:: Exercise aim ::
An exact copy of the lines of the listing below between the "holz fassadenprofile mit" line and the "內地導演陳凱歌同演員陳紅的兒" line, both included, is the whole answer; please omit the pictures.

:: Supplied records ::

:::

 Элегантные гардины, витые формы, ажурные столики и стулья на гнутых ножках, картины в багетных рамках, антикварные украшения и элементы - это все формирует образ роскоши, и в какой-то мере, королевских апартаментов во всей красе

:::

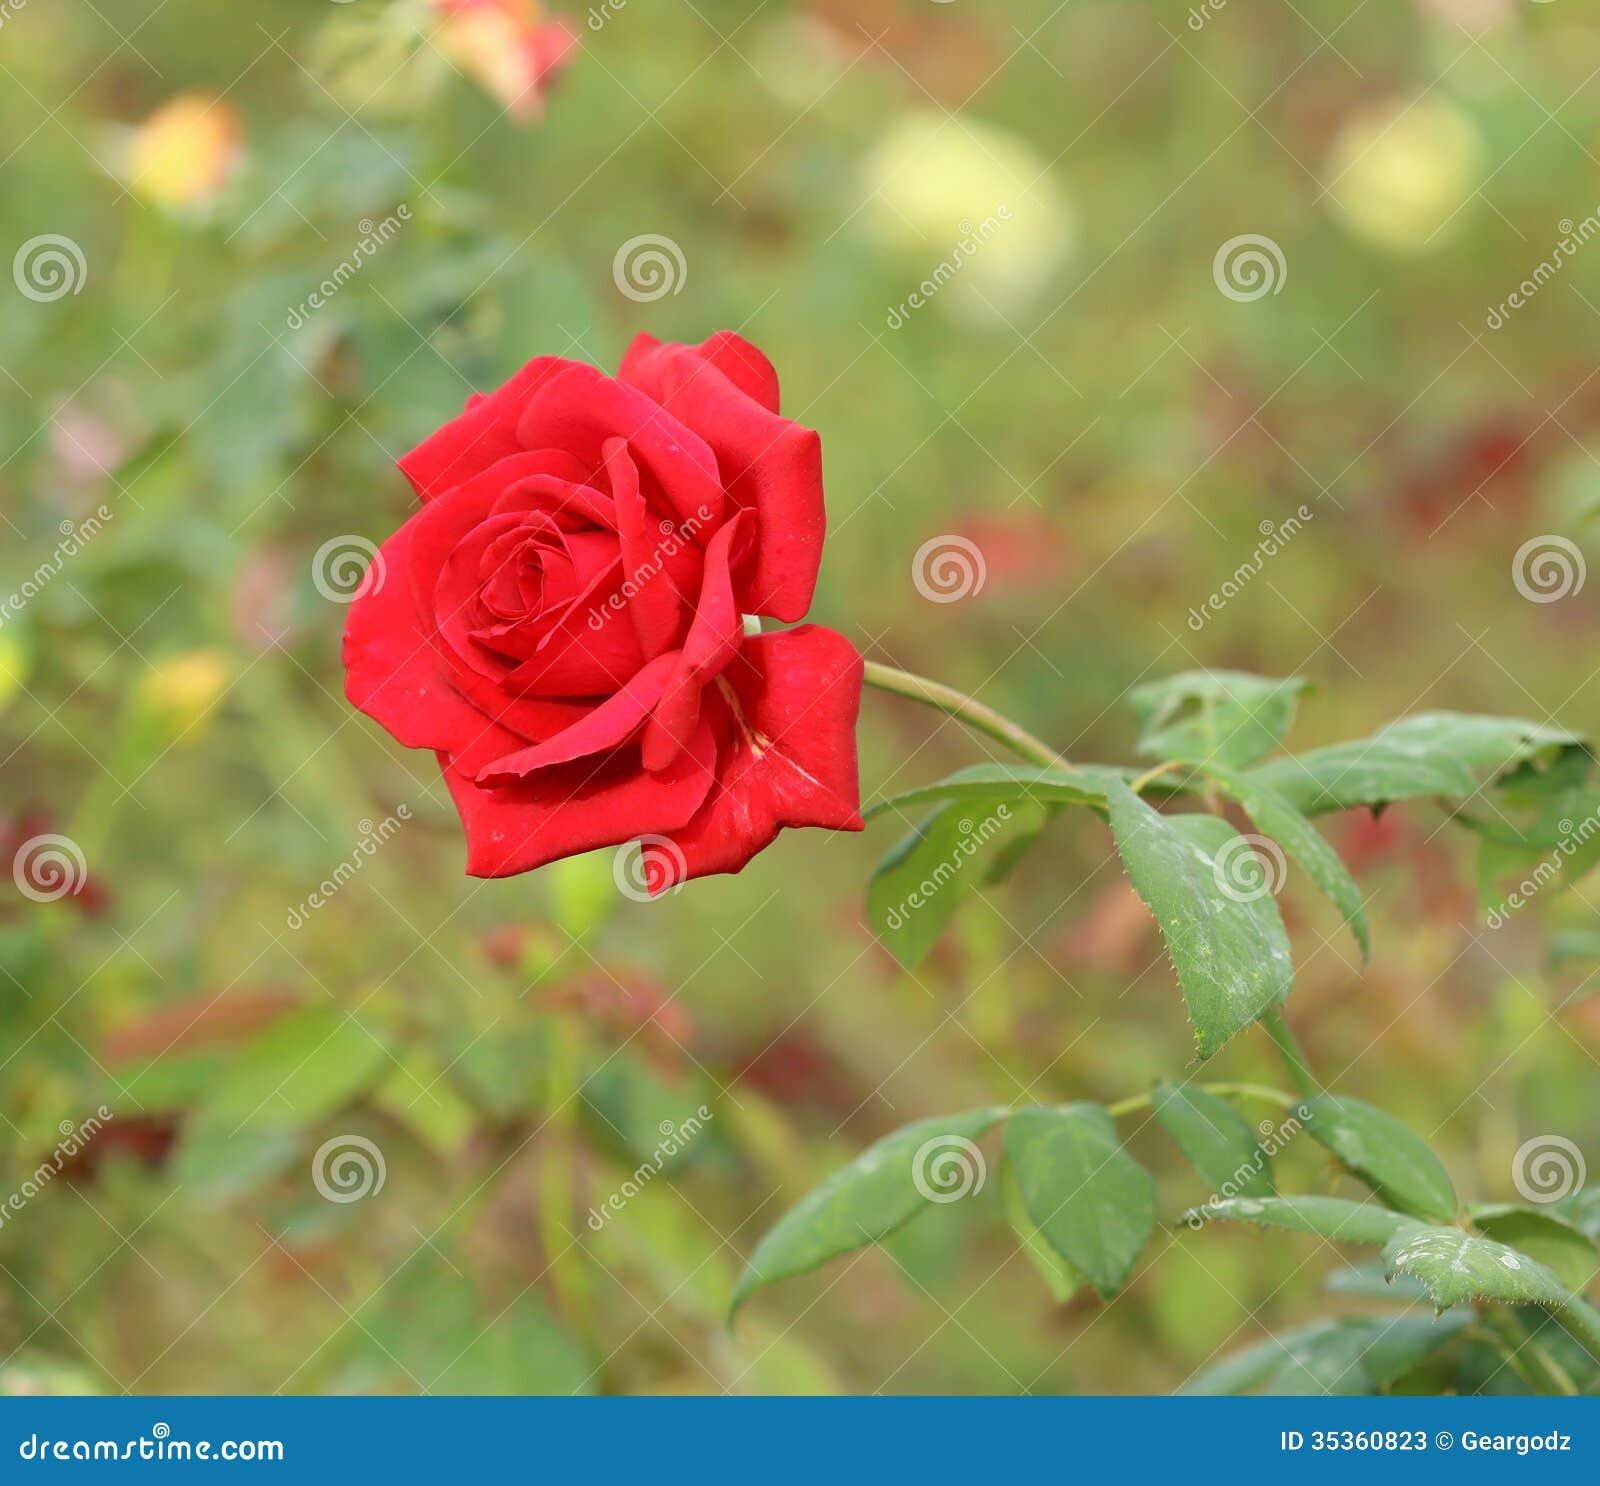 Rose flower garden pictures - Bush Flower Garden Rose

:::

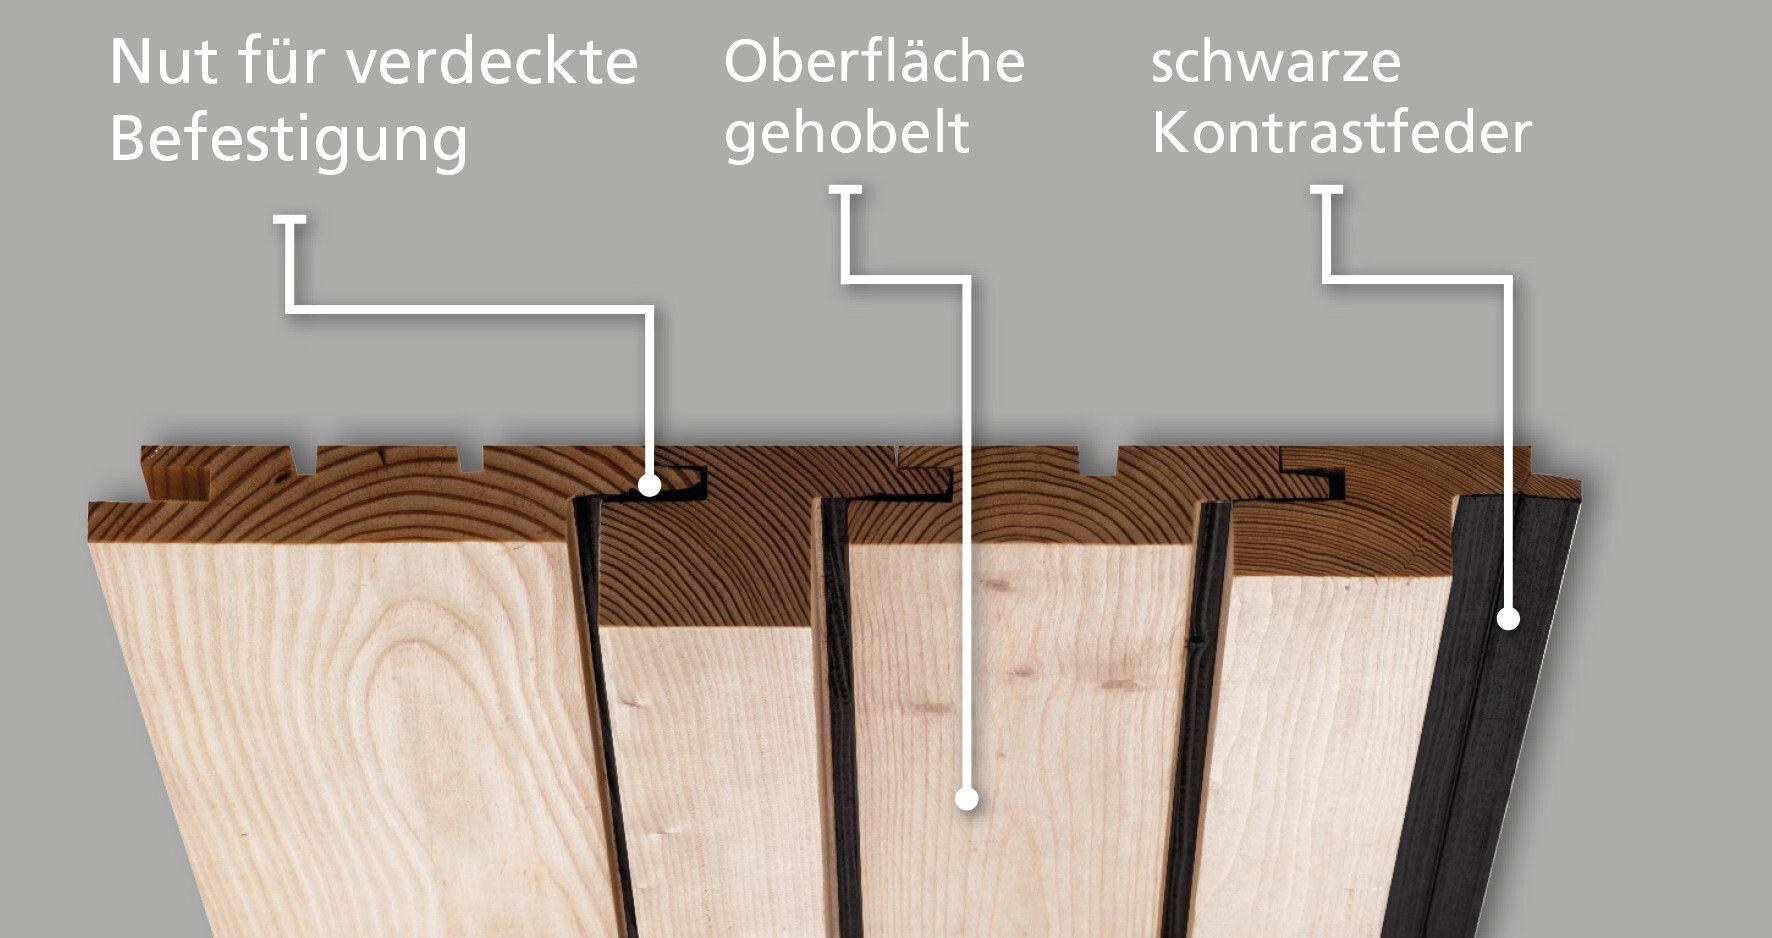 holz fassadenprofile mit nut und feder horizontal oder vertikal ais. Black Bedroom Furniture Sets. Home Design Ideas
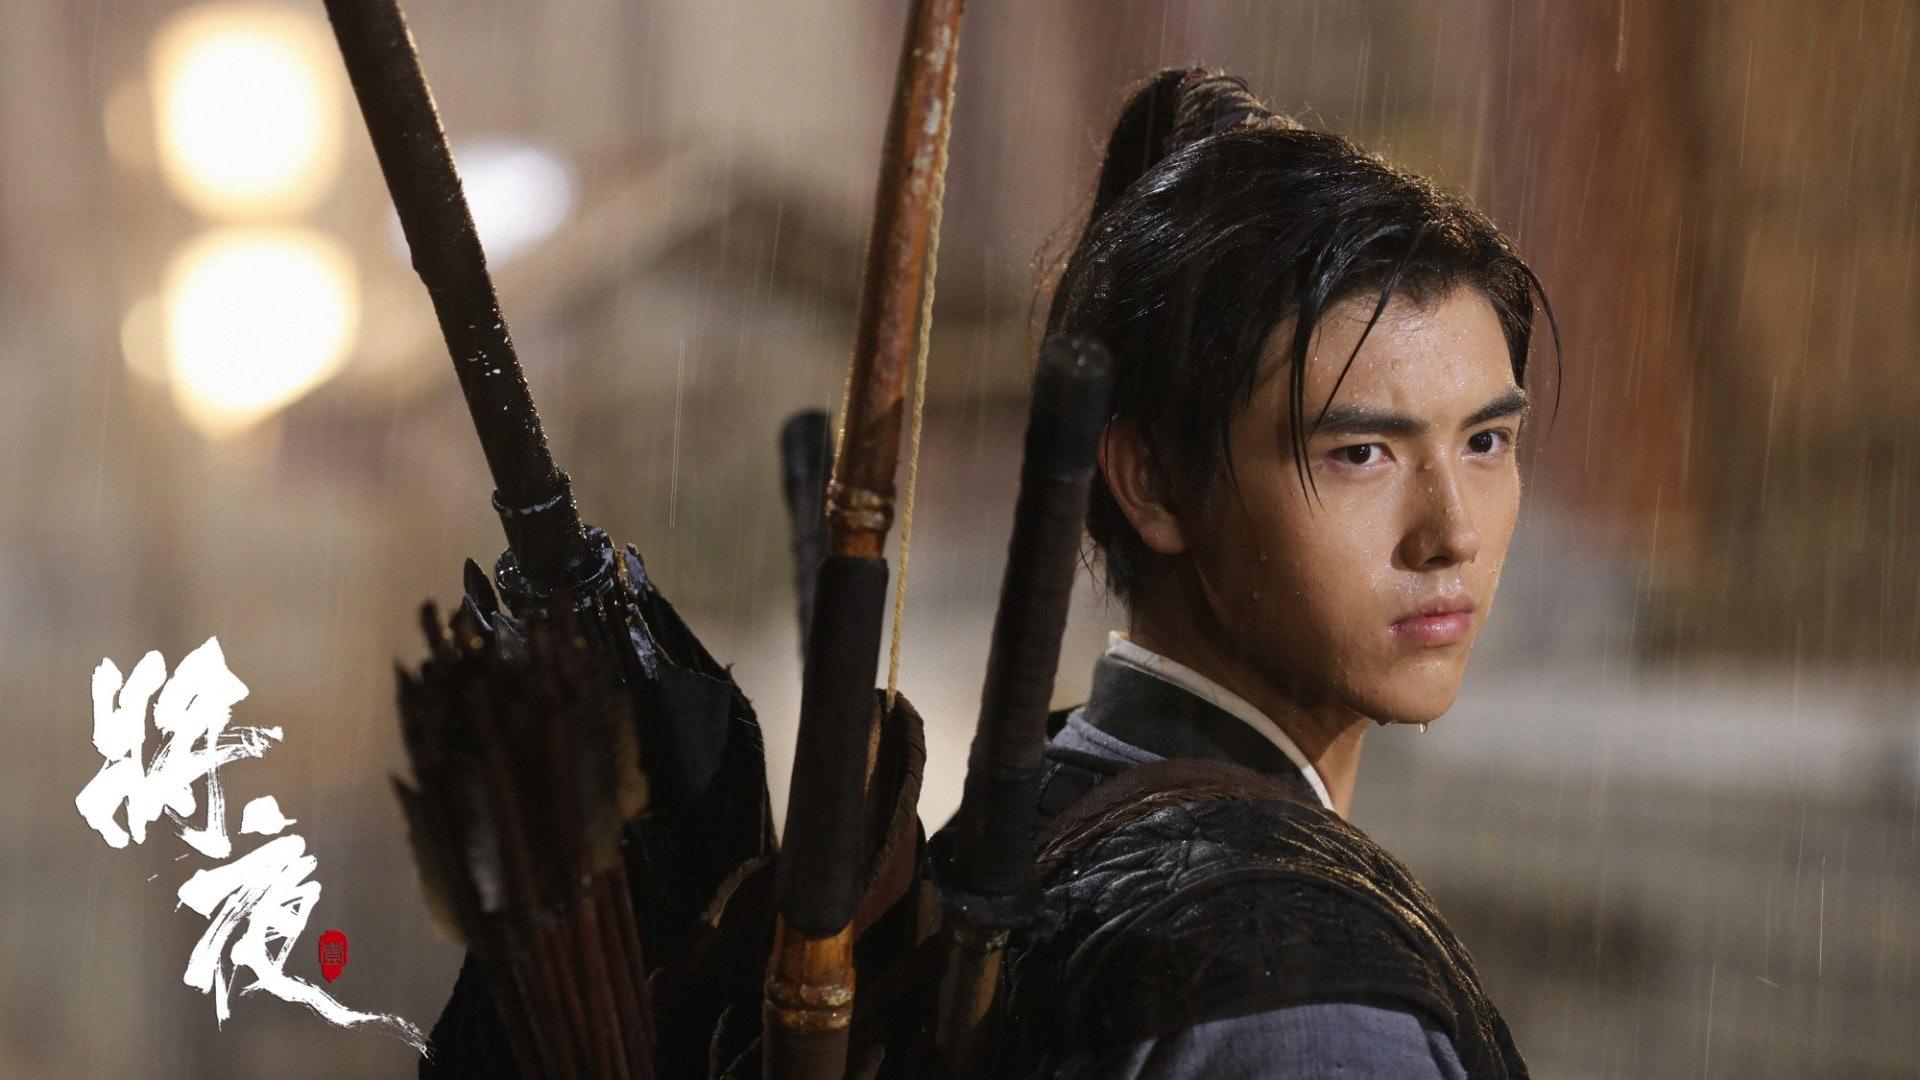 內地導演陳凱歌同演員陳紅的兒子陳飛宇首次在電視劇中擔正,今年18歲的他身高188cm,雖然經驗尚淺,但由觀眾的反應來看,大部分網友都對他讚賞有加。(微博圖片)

:::

:: Solution to the problem ::
 holz fassadenprofile mit nut und feder horizontal oder vertikal ais. Black Bedroom Furniture Sets. Home Design Ideas
 內地導演陳凱歌同演員陳紅的兒子陳飛宇首次在電視劇中擔正,今年18歲的他身高188cm,雖然經驗尚淺,但由觀眾的反應來看,大部分網友都對他讚賞有加。(微博圖片)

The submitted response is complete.